Videos

Introductory Workshop - Graph Theory: Extremal, Probabilistic and Structural: Smoothed analysis for graph isomorphism

Presenter
February 13, 2025
Keywords:
  • extremal graph theory
  • random graphs
  • probabilistic methods
  • structural graph theory
  • Ramsey theory
MSC:
  • 05C35 - Extremal problems in graph theory [See also 90C35]
  • 05C55 - Generalized Ramsey theory [See also 05D10]
  • 05C75 - Structural characterization of families of graphs
  • 05C80 - Random graphs (graph-theoretic aspects) [See also 60B20]
  • 05D40 - Probabilistic methods in extremal combinatorics
  • including polynomial methods (combinatorial Nullstellensatz
  • etc.)
Abstract
From a theoretical point of view, graph isomorphism testing is a notoriously difficult problem, with no known polynomial-time algorithm.

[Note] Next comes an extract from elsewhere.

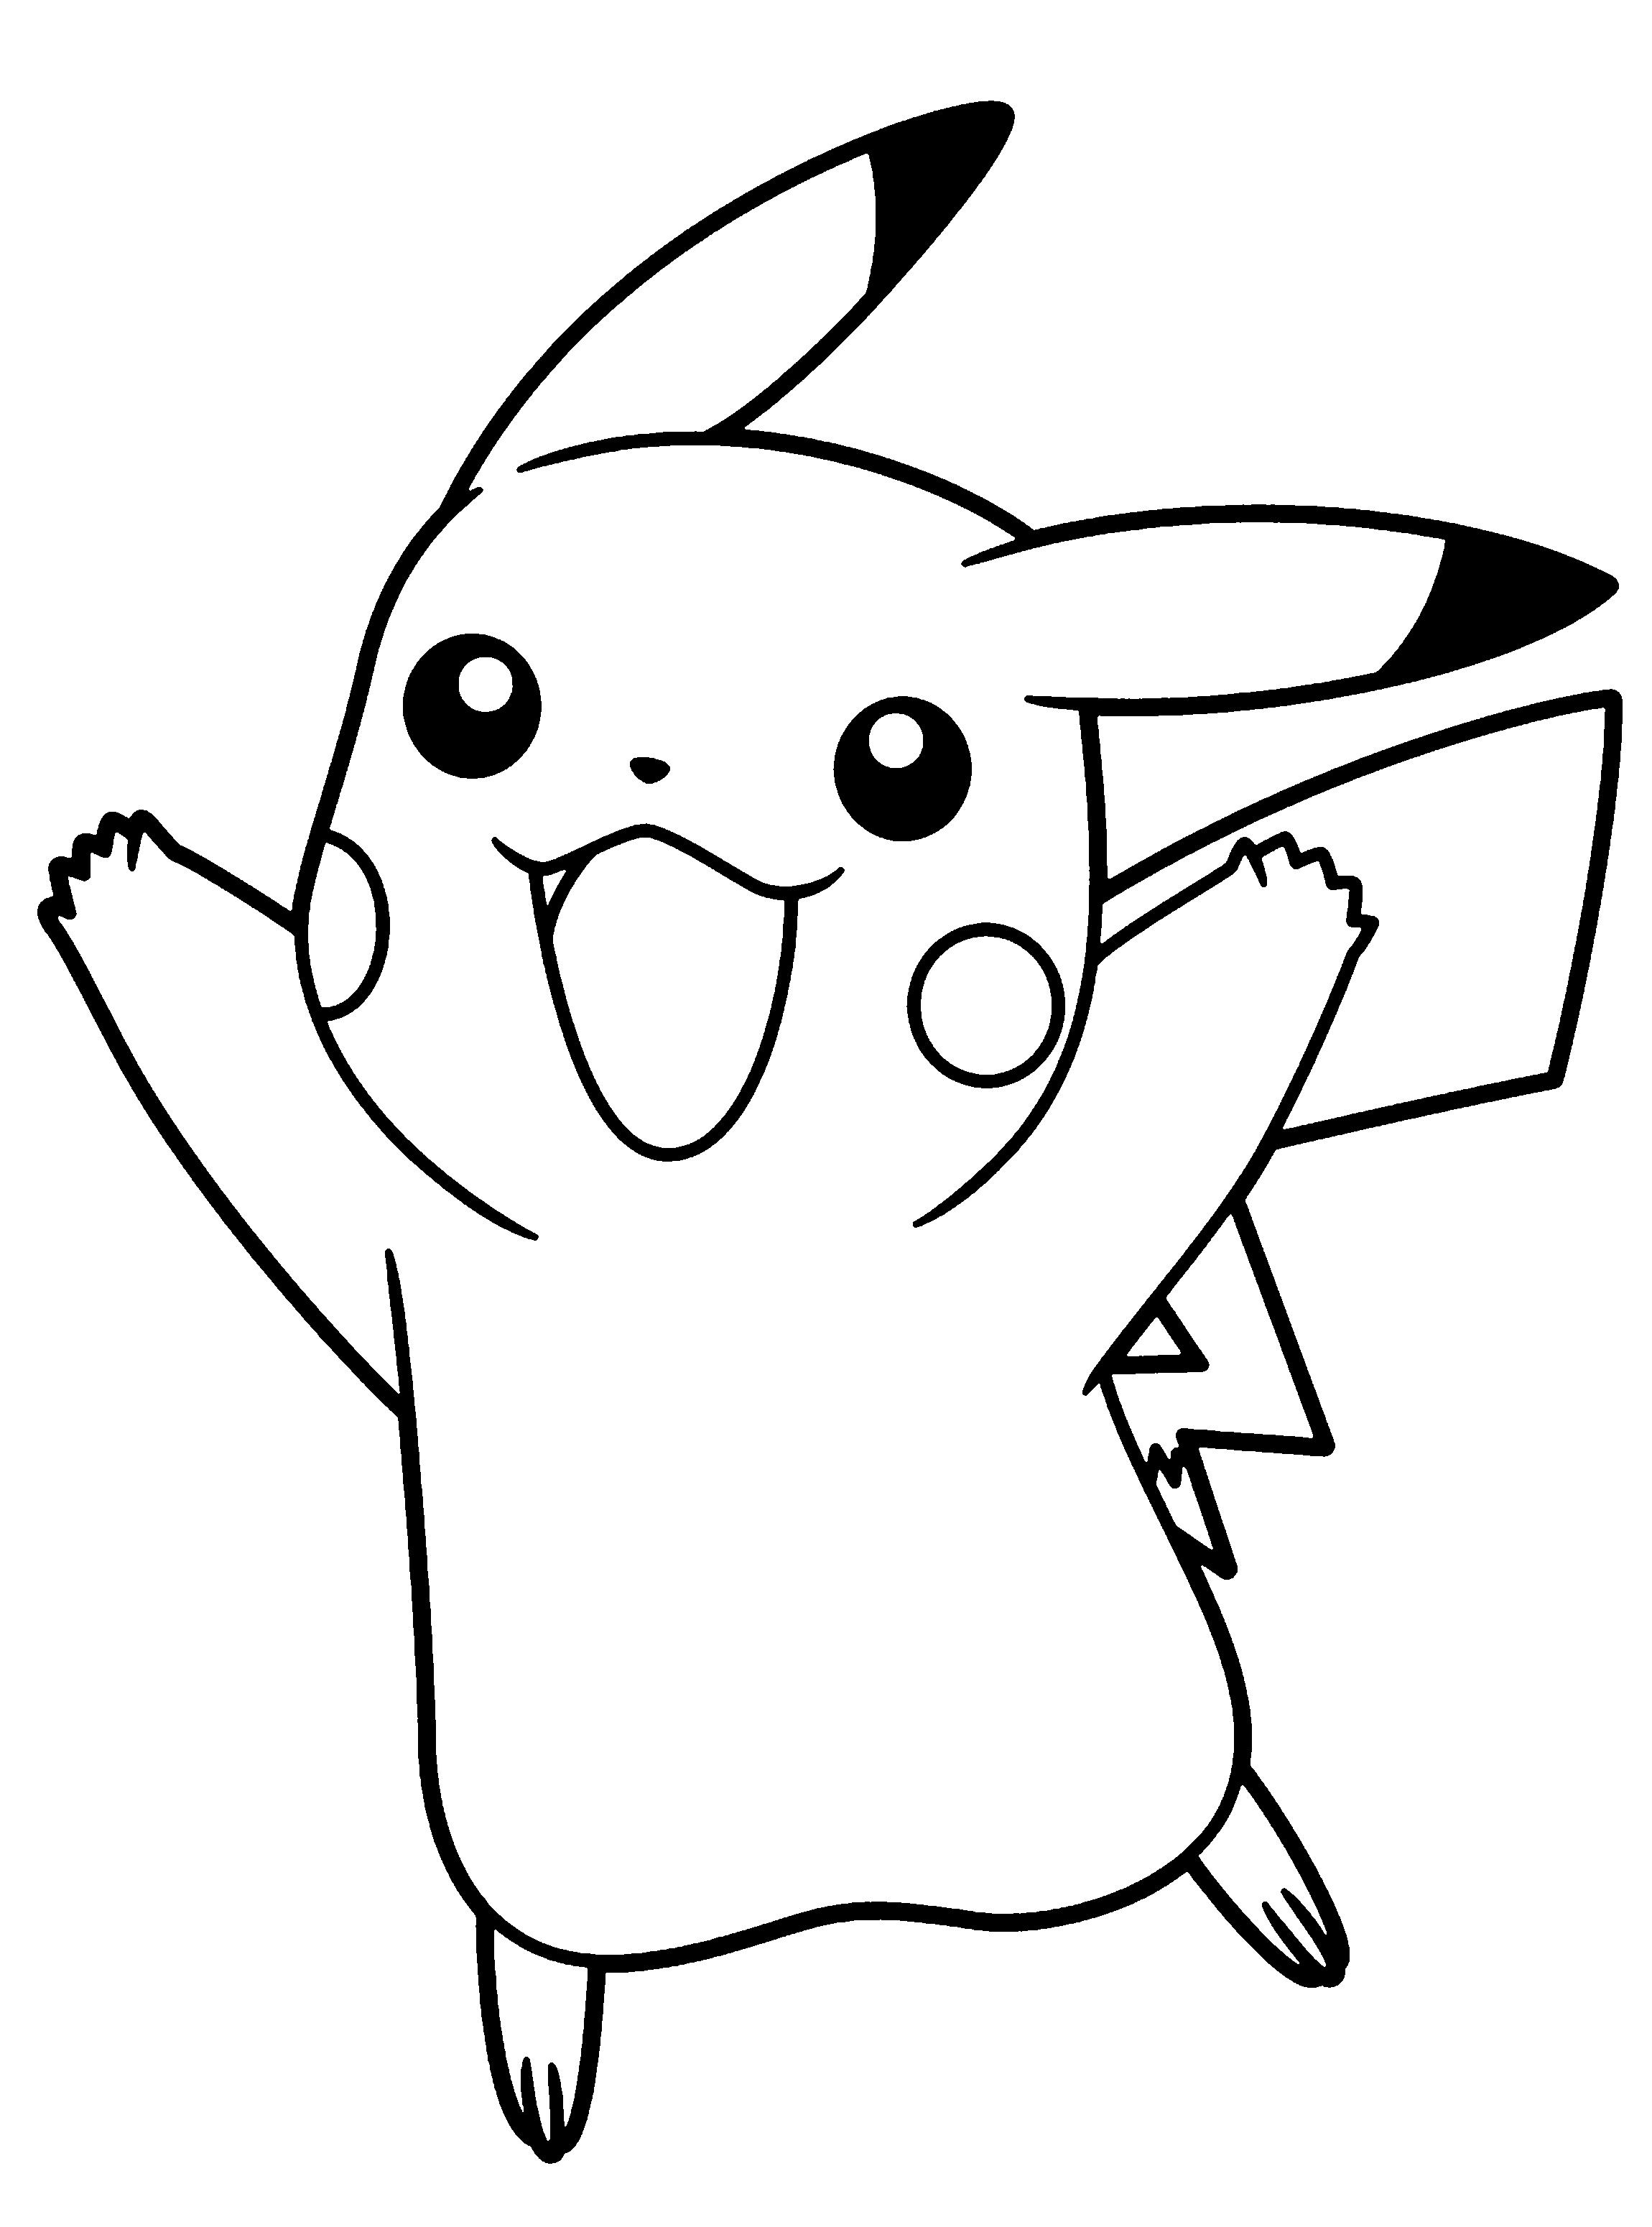 Dibujos pikachu para dibujar imprimir colorear y for Comedor facil de dibujar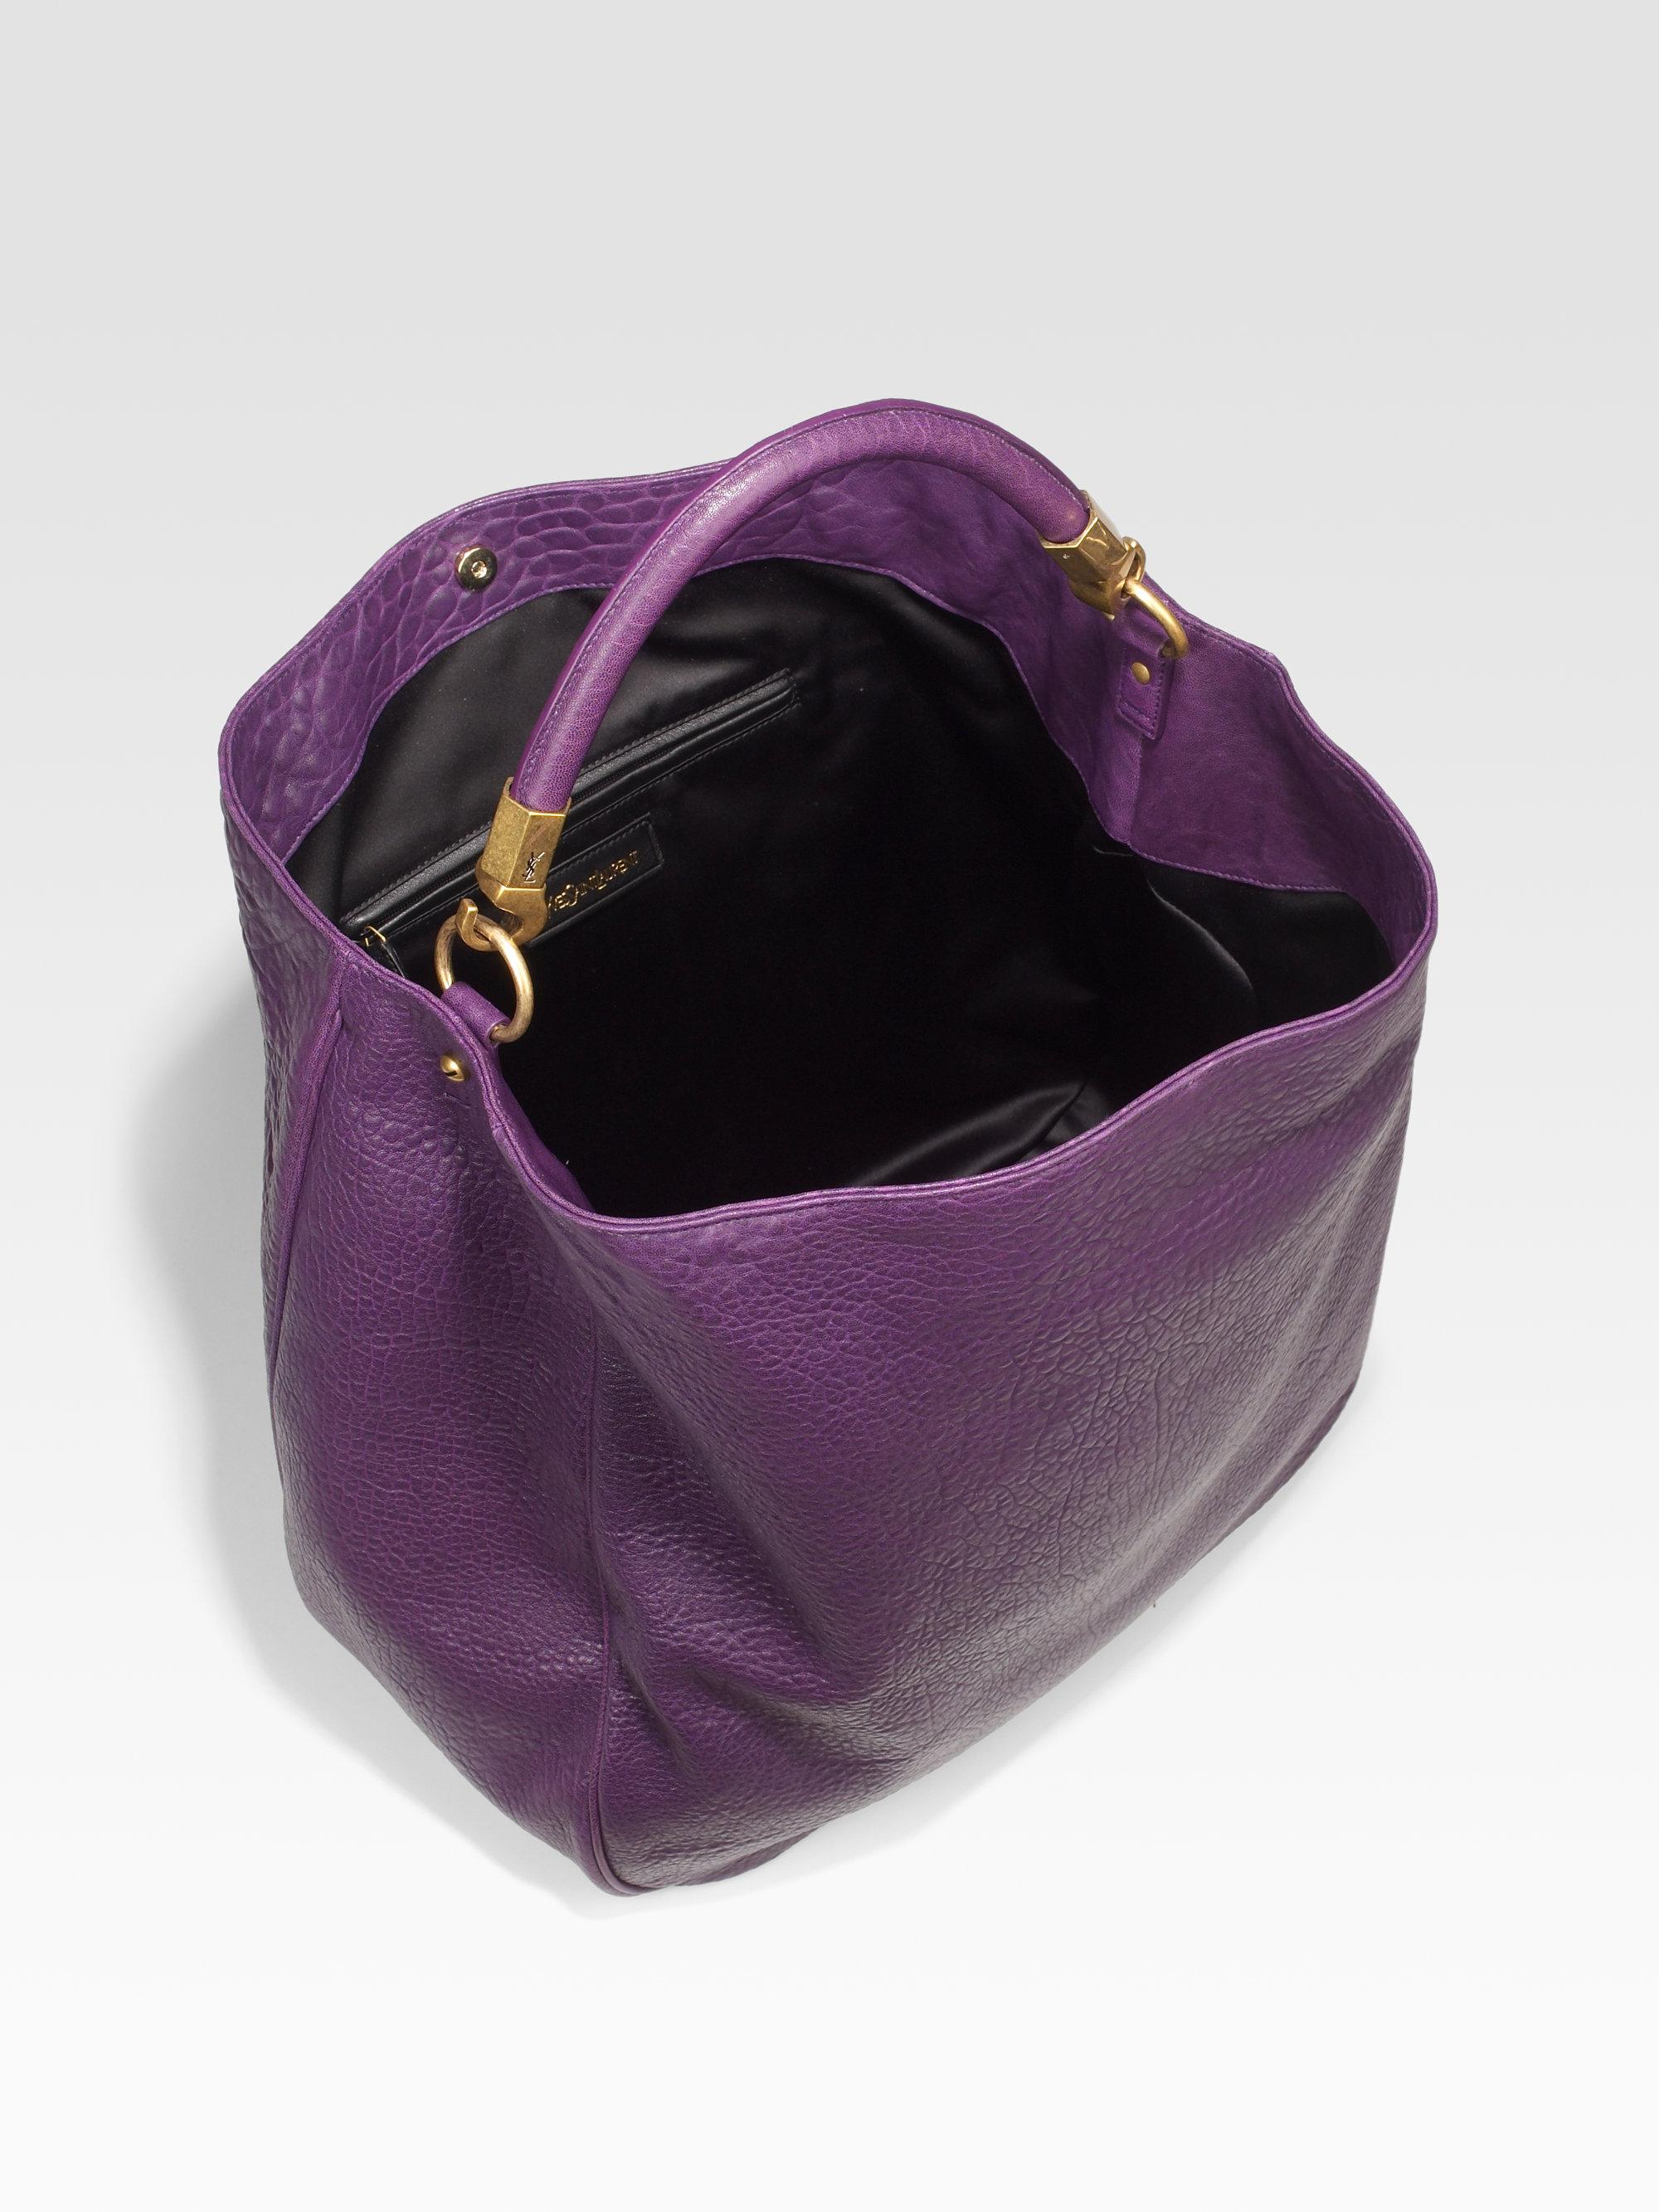 ysl card holder - Saint laurent Roady Pebbled Leather Hobo in Purple (violet) | Lyst

However, from a practical point of view, the problem is essentially solved: various elementary combinatorial “refinement” algorithms seem to be very efficient in practice. Some philosophical justification for this phenomenon is provided by a classical theorem of Babai, Erdős and Selkow, which shows that one of the simplest imaginable algorithms (underpinning all algorithms used in practice) is very effective "on average", in the sense that it can be used to distinguish a typical outcome of a random graph G(n,1/2) from any other graph. We improve the Babai-Erdős-Selkow theorem in a few directions. In particular, in accordance with the smoothed analysis philosophy of Spielman and Teng, one of our main results is that for any graph G, simple combinatorial algorithms become effective after a tiny random perturbation to G (specifically, the addition and removal of about n random edges). Joint work with Michael Anastos and Benjamin Moore.